Eval and Benchmarking
Metric Selection by Task Type
| Task | Primary Metric | Secondary | Avoid |
|---|---|---|---|
| Classification | F1 (macro) | Precision, Recall, AUC-ROC | Accuracy (misleading on imbalanced) |
| Text generation | Human eval, LLM-as-judge | BLEU, ROUGE-L | BLEU alone (poor correlation) |
| Summarization | ROUGE-L, BERTScore | Faithfulness (NLI-based) | ROUGE-1 alone |
| QA (extractive) | Exact Match, F1 (token) | Has-answer accuracy | Accuracy without normalization |
| QA (generative) | LLM-as-judge, semantic sim | ROUGE-L | Exact match (too strict) |
| Code generation | pass@k | Functional correctness | BLEU (meaningless for code) |
| Translation | COMET, BLEURT | chrF, BLEU | BLEU without normalization |
| Reasoning | Accuracy (MCQ) | Chain-of-thought analysis | Single-benchmark conclusions |
Decision rule: If human eval is feasible, do it. If not, LLM-as-judge + at least one automatic metric. Never rely on a single metric.
lm-evaluation-harness
Running Standard Benchmarks
bash
# Install
pip install lm-eval
# Run MMLU (5-shot) on a local model
lm_eval --model hf \
--model_args pretrained=meta-llama/Llama-3.1-8B-Instruct,dtype=bfloat16 \
--tasks mmlu \
--num_fewshot 5 \
--batch_size auto \
--output_path ./results/
# Run multiple benchmarks
lm_eval --model hf \
--model_args pretrained=./my_model \
--tasks mmlu,hellaswag,arc_challenge,truthfulqa_mc2,winogrande,gsm8k \
--batch_size auto \
--output_path ./results/
# Evaluate a vLLM server
lm_eval --model local-completions \
--model_args model=meta-llama/Llama-3.1-8B-Instruct,base_url=http://localhost:8000/v1 \
--tasks mmlu \
--num_fewshot 5
Custom Eval Task
yaml
# tasks/my_task/my_task.yaml
task: my_custom_qa
dataset_path: json
dataset_name: null
dataset_kwargs:
data_files: "./data/eval.jsonl"
output_type: generate_until
training_split: null
test_split: train
doc_to_text: "Question: {{question}}\nAnswer:"

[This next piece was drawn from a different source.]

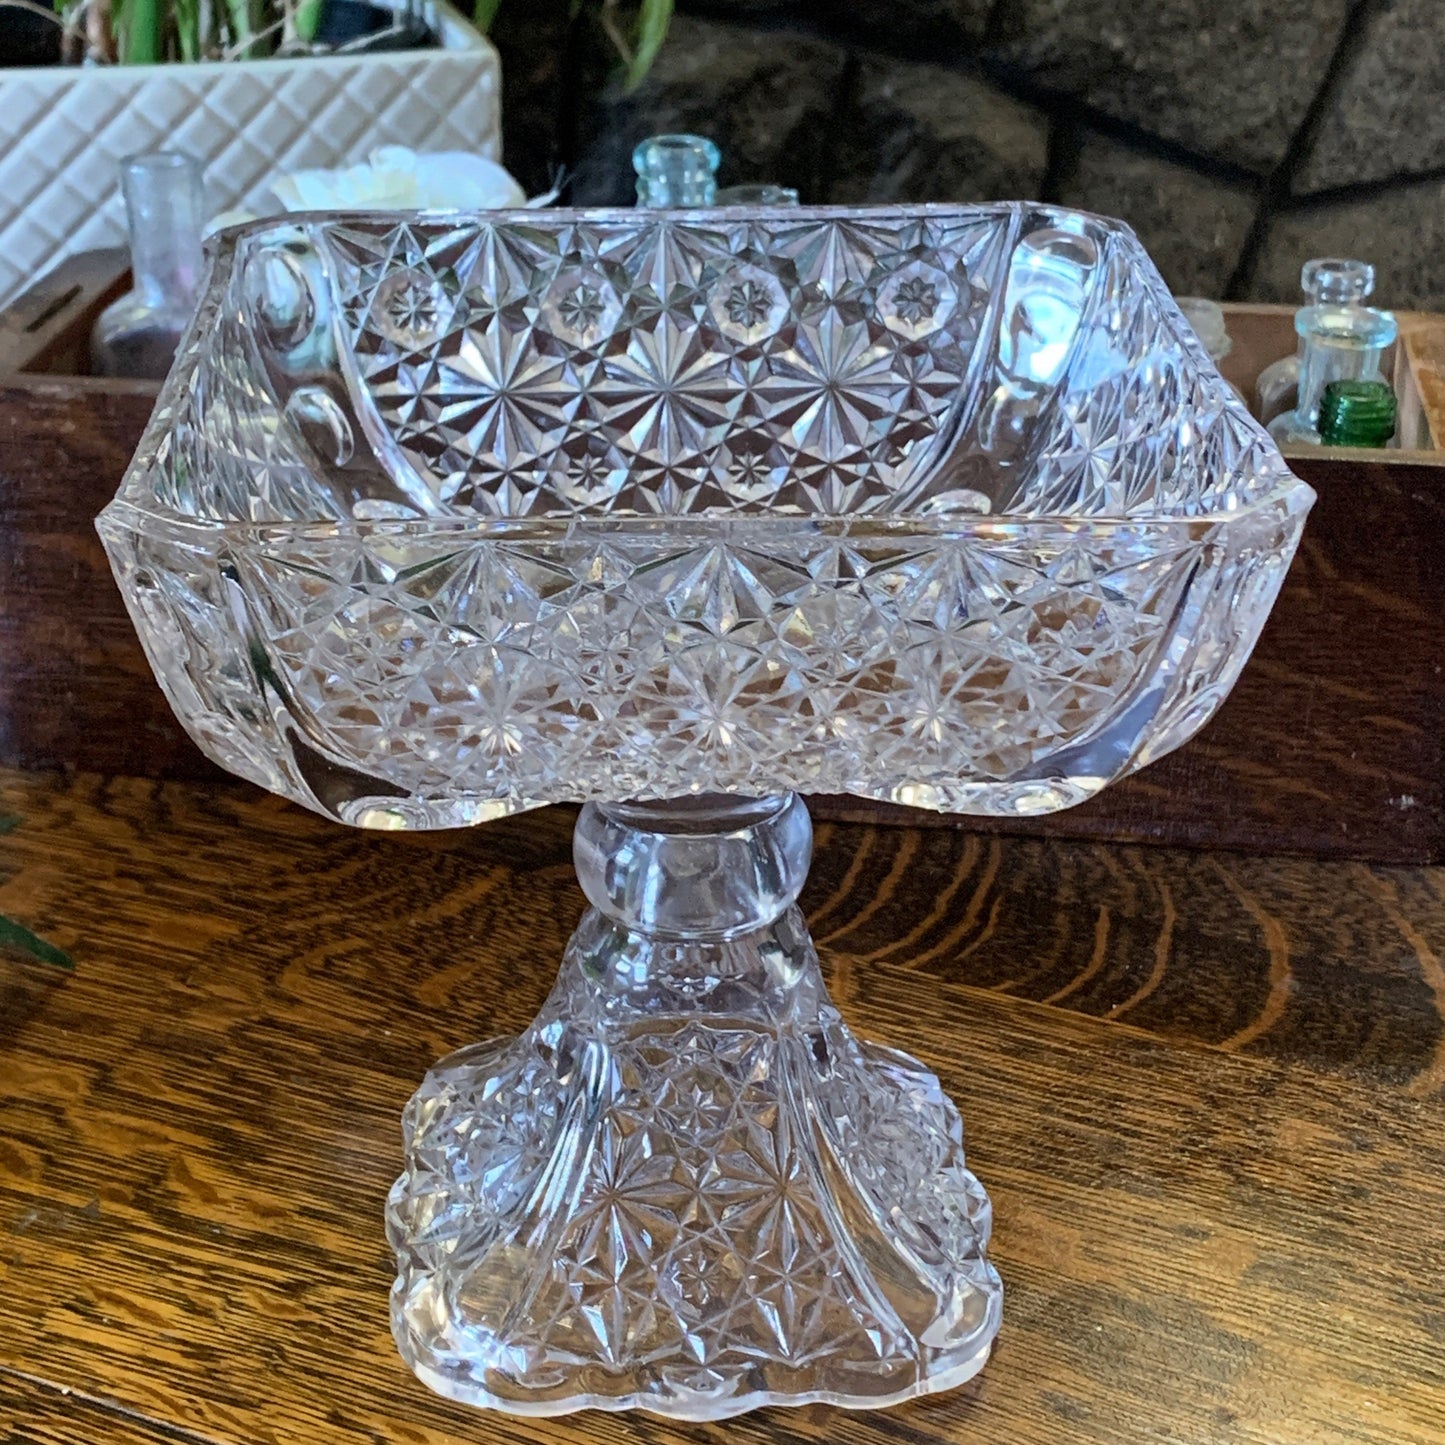 Tall Pressed Glass Dish, Vintage Glass Fruitbowl

doc_to_target: "{{answer}}"
generation_kwargs:
until: ["\n", "Question:"]
max_gen_toks: 64
temperature: 0
do_sample: false
metric_list:
- metric: exact_match
aggregation: mean
higher_is_better: true
- metric: f1
aggregation: mean
higher_is_better: true
metadata:
version: 1.0
bash
# Run custom task
lm_eval --model hf \
--model_args pretrained=./my_model \
--tasks my_custom_qa \
--include_path ./tasks/ \
--output_path ./results/
Custom Metric in Python
python
# tasks/my_task/utils.py
import re
def normalize_answer(s):
"""Lowercase, strip articles/punctuation/whitespace."""
s = s.lower().strip()
s = re.sub(r"\b(a|an|the)\b", " ", s)
s = re.sub(r"[^\w\s]", "", s)
return " ".join(s.split())
def custom_exact_match(references, predictions, **kwargs):
correct = sum(
normalize_answer(pred) == normalize_answer(ref)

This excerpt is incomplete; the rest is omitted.